Abstract
Introduction
Separation anxiety disorder (SAD) comprises one aspect of attachment dysregulation or insecurity. Although SAD aggravates posttraumatic stress disorder (PTSD) risk, no clinical research has tracked how many patients with PTSD have SAD, its clinical associations, or its response to PTSD treatment. Our open trial of interpersonal psychotherapy (IPT) for veterans with PTSD assessed these SAD domains.
Methods
Twenty‐nine veterans diagnosed with chronic PTSD on the Clinician‐Administered PTSD Scale were assessed for SAD using the Structured Clinical Interview for Separation Anxiety Symptoms (SCI‐SAS), and for Symptom‐Specific Reflective Function (SSRF), another dysregulated‐attachment marker capturing patients’ emotional understanding of their symptoms. Patients received 14 IPT sessions for PTSD with assessments at baseline, Week 4 (SCI‐SAS and SSRF), and termination for SAD, PTSD, and depression.
Results
At baseline, 69% of patients met SAD criteria. Separation anxiety did not correlate with baseline PTSD severity, depressive severity, or age when traumatized; patients with and without SAD had comparable PTSD and depression severity.

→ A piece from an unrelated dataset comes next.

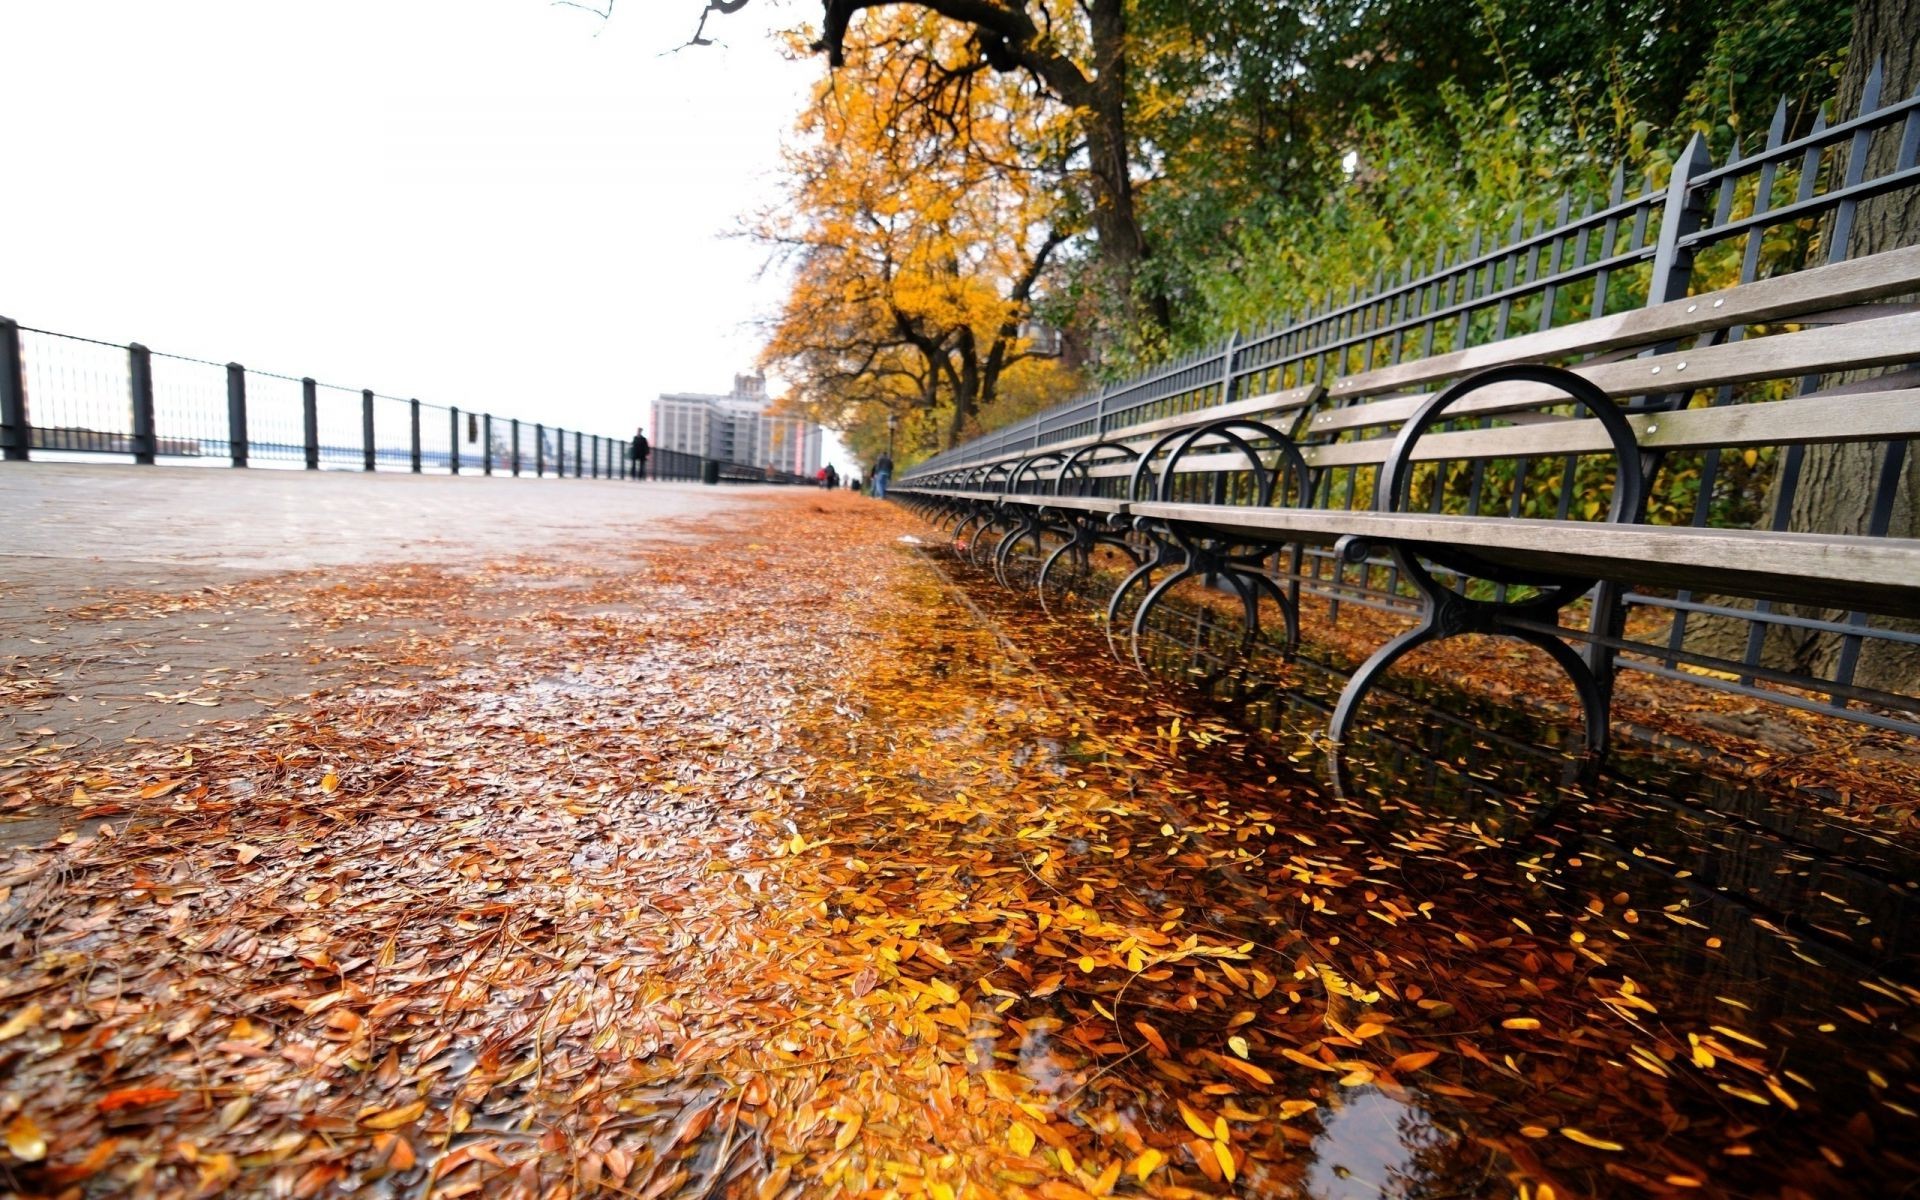 осень осень природа древесины сезон дорога лист дерево руководство парк мост пейзаж на открытом воздухе воды цвет среды путешествия свет живописный
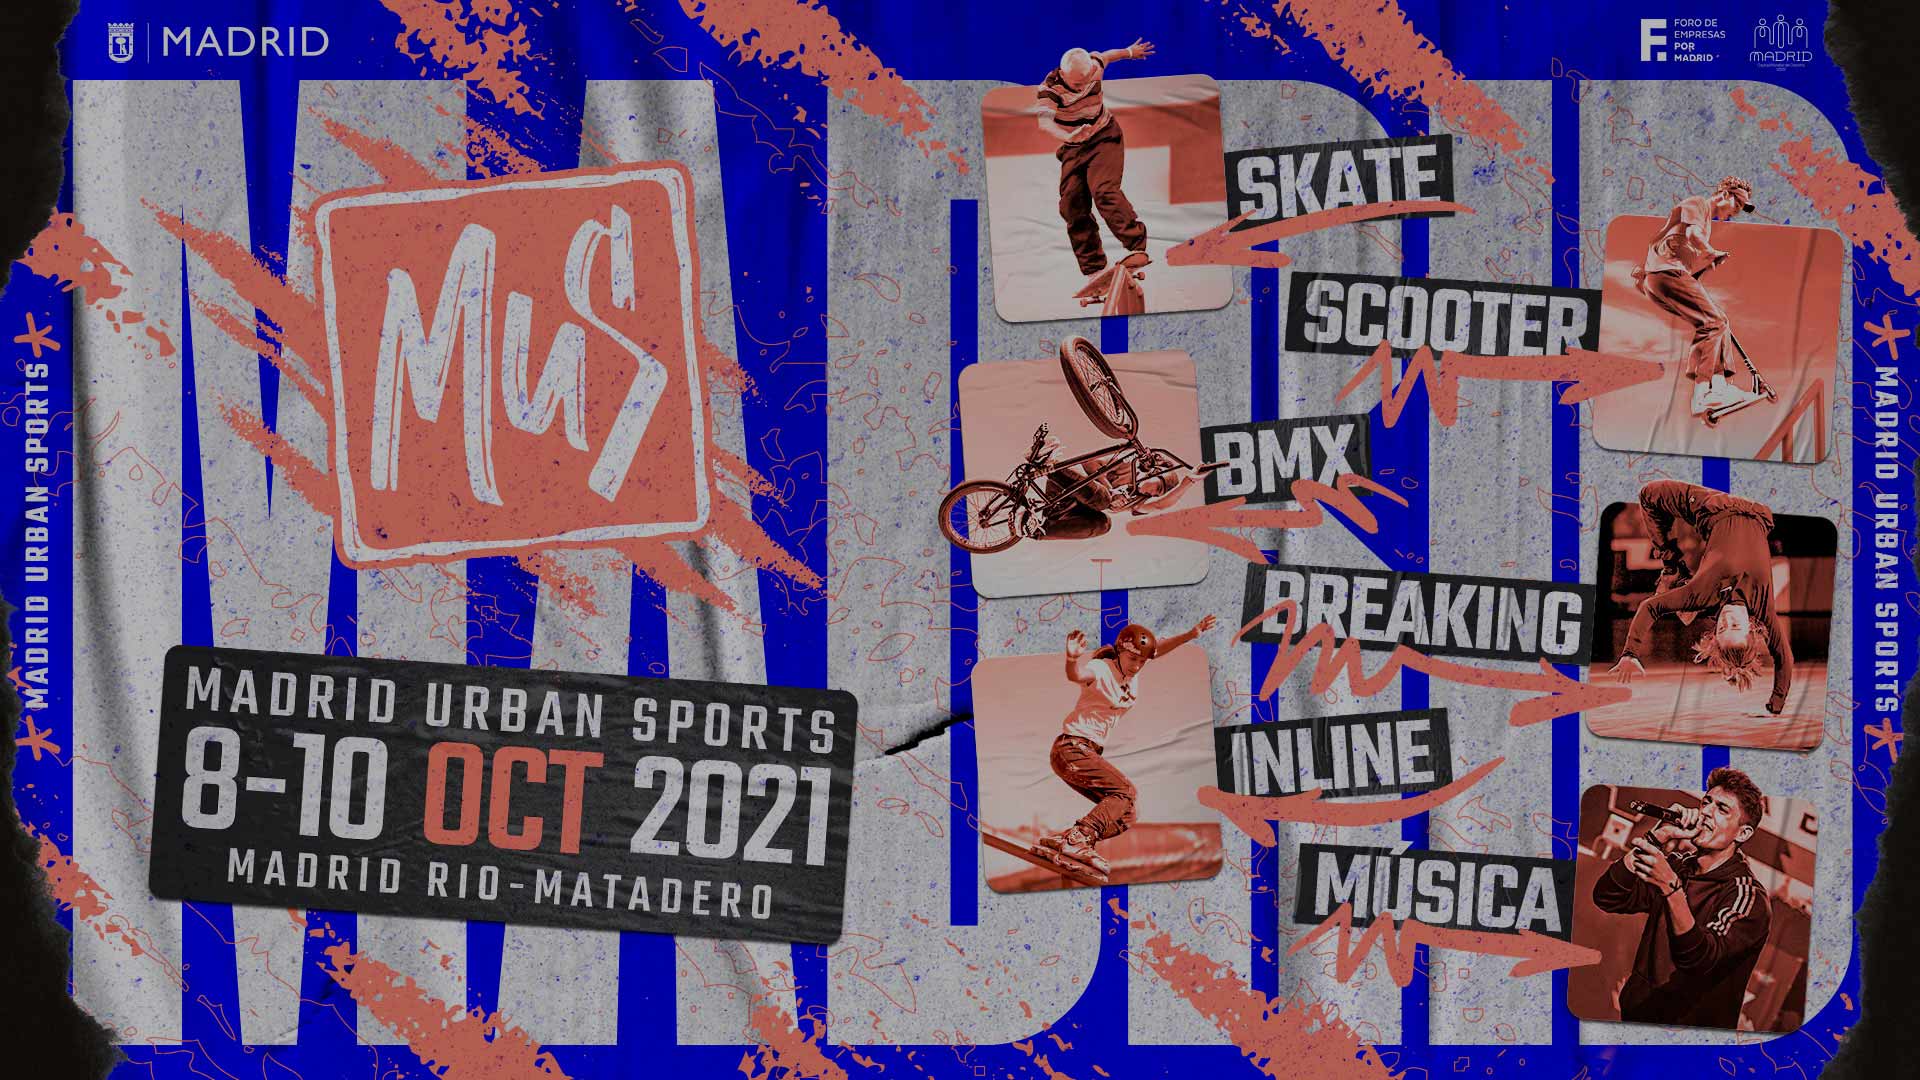 Madrid Urban Sports estará en Matadero durante el segundo fin de semana de octubre / Madrid Urban Sports

Patients with baseline comorbid SAD who completed IPT (N = 17) reported significantly improved adult separation anxiety (p = .009). Adult SAD improvements predicted depressive improvement (p = .049). Patients with SAD showed a stronger relationship between early SSRF gains and subsequent adult SAD improvement (p = .021) compared with patients without SAD.
Discussion
This first exploration of dysregulated/insecure attachment features among patients with PTSD found high SAD comorbidity and adult SAD improvement among patients with SAD following IPT. Highly impaired attachment patients normalized attachment posttreatment: 14‐session IPT improved attachment dysregulation. This small study requires replication but begins to broaden clinical understanding of separation anxiety, attachment dysregulation, and PTSD.